I hope we’re agreed that this is a very big deal.
I gave myself an hour to calm down, then wrote an email to the principal, still careful with my word choice. For one thing, I was “surprised and disappointed” that this had happened. Why? Because I do not want to waste a milligram of effort defending my tone. “Disappointed” is the go-to word in these situations. If you’re “furious,” the other person stops listening and starts defending. Disappointment says, “I expected more from you, and you let me down.” When someone expresses disappointment in me, I’m mortified and immediately begin trying to make it right. It’s an action word.
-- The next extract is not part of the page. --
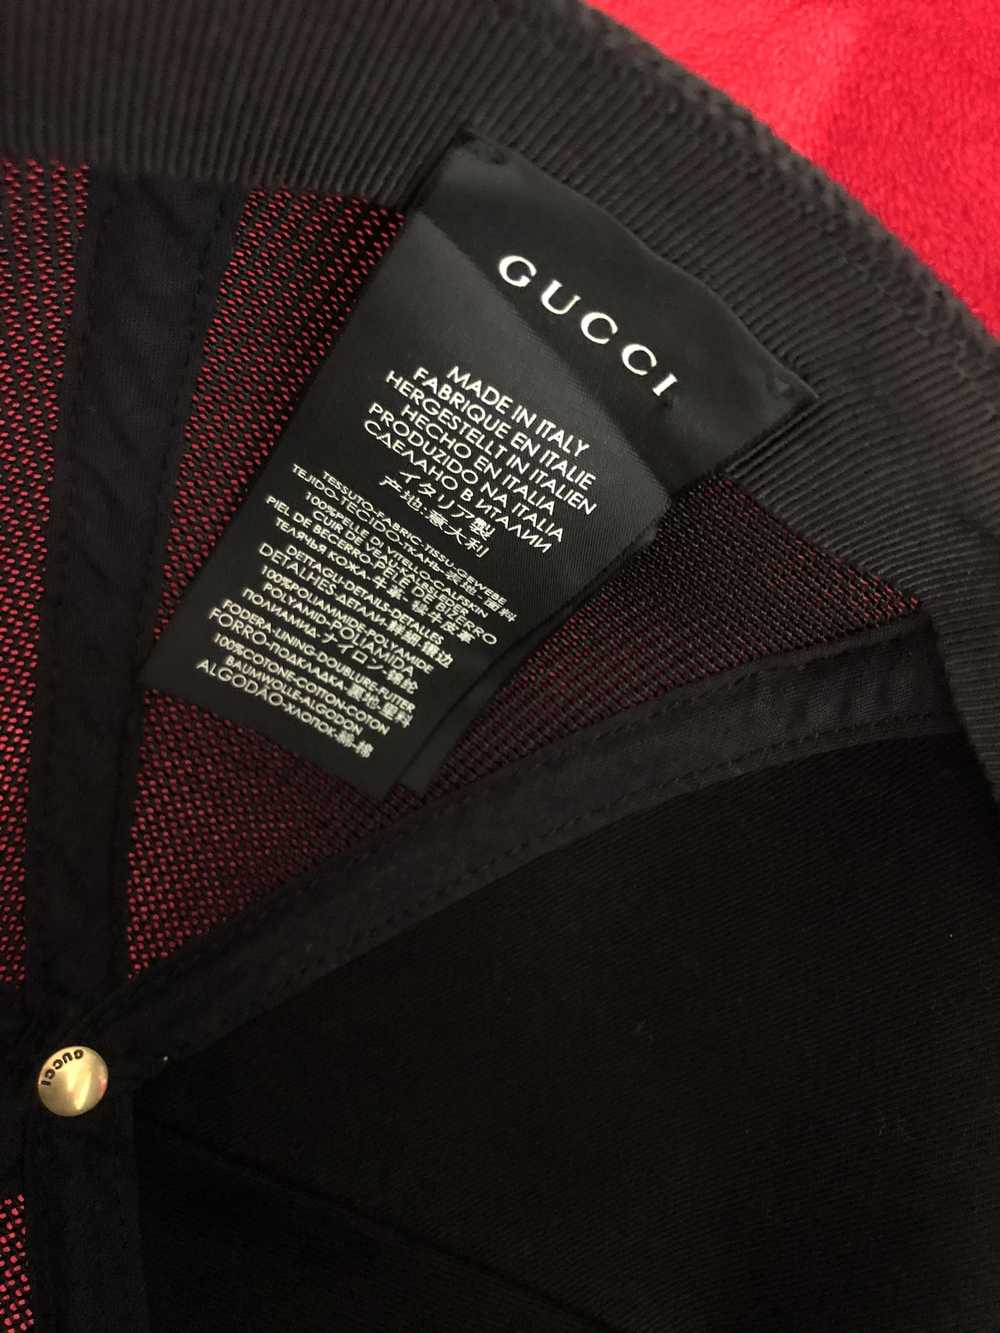 Gucci Gucci hat - image 5

I also amended my desire to see Warner slowly strangled with the strings of a thousand Steinways (in the email, if not in the darkest corner of my heart). I made it clear that I was very unhappy and asked to meet with them both, very soon.
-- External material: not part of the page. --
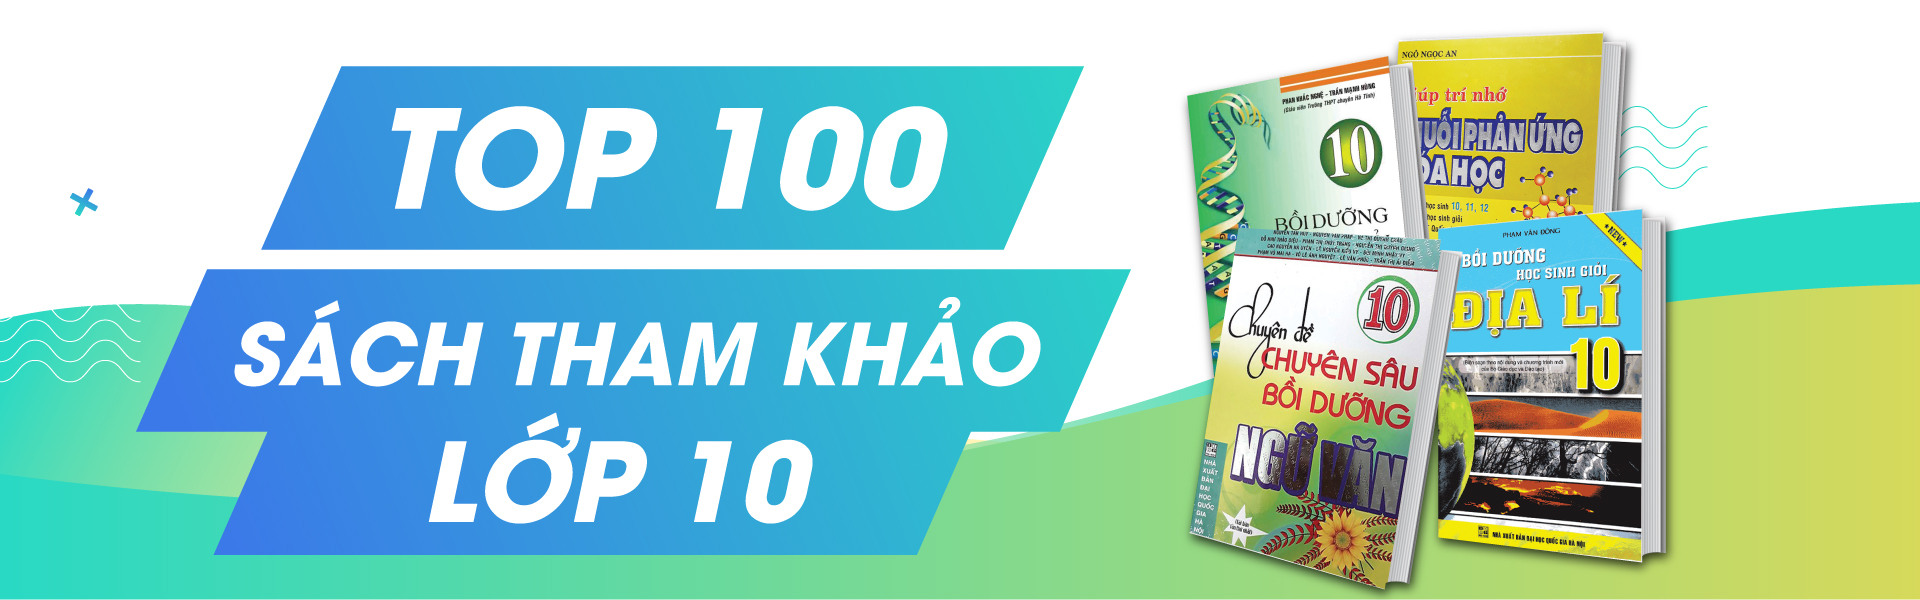 TOP 100 Sách Tham Khảo Lớp 10 Nên Mua Giúp Học Tốt Đều Tất Cả Các Môn

As I expected, Mr. Robinson was completely mortified when he heard what had happened. He had not spoken to Warner after our meeting, he said in his reply, “because I assumed that I would be the only staff member discussing the broadcast content with Delaney.” A reasonable assumption. Instead, he had used my input to be sure his interview questions gave Delaney the maximum ability to openly express her ideas. He simply hadn’t counted on Warner taking advantage of the two minutes he stepped into the hallway to push her agenda. There was still only one real perp in this and one clear ally.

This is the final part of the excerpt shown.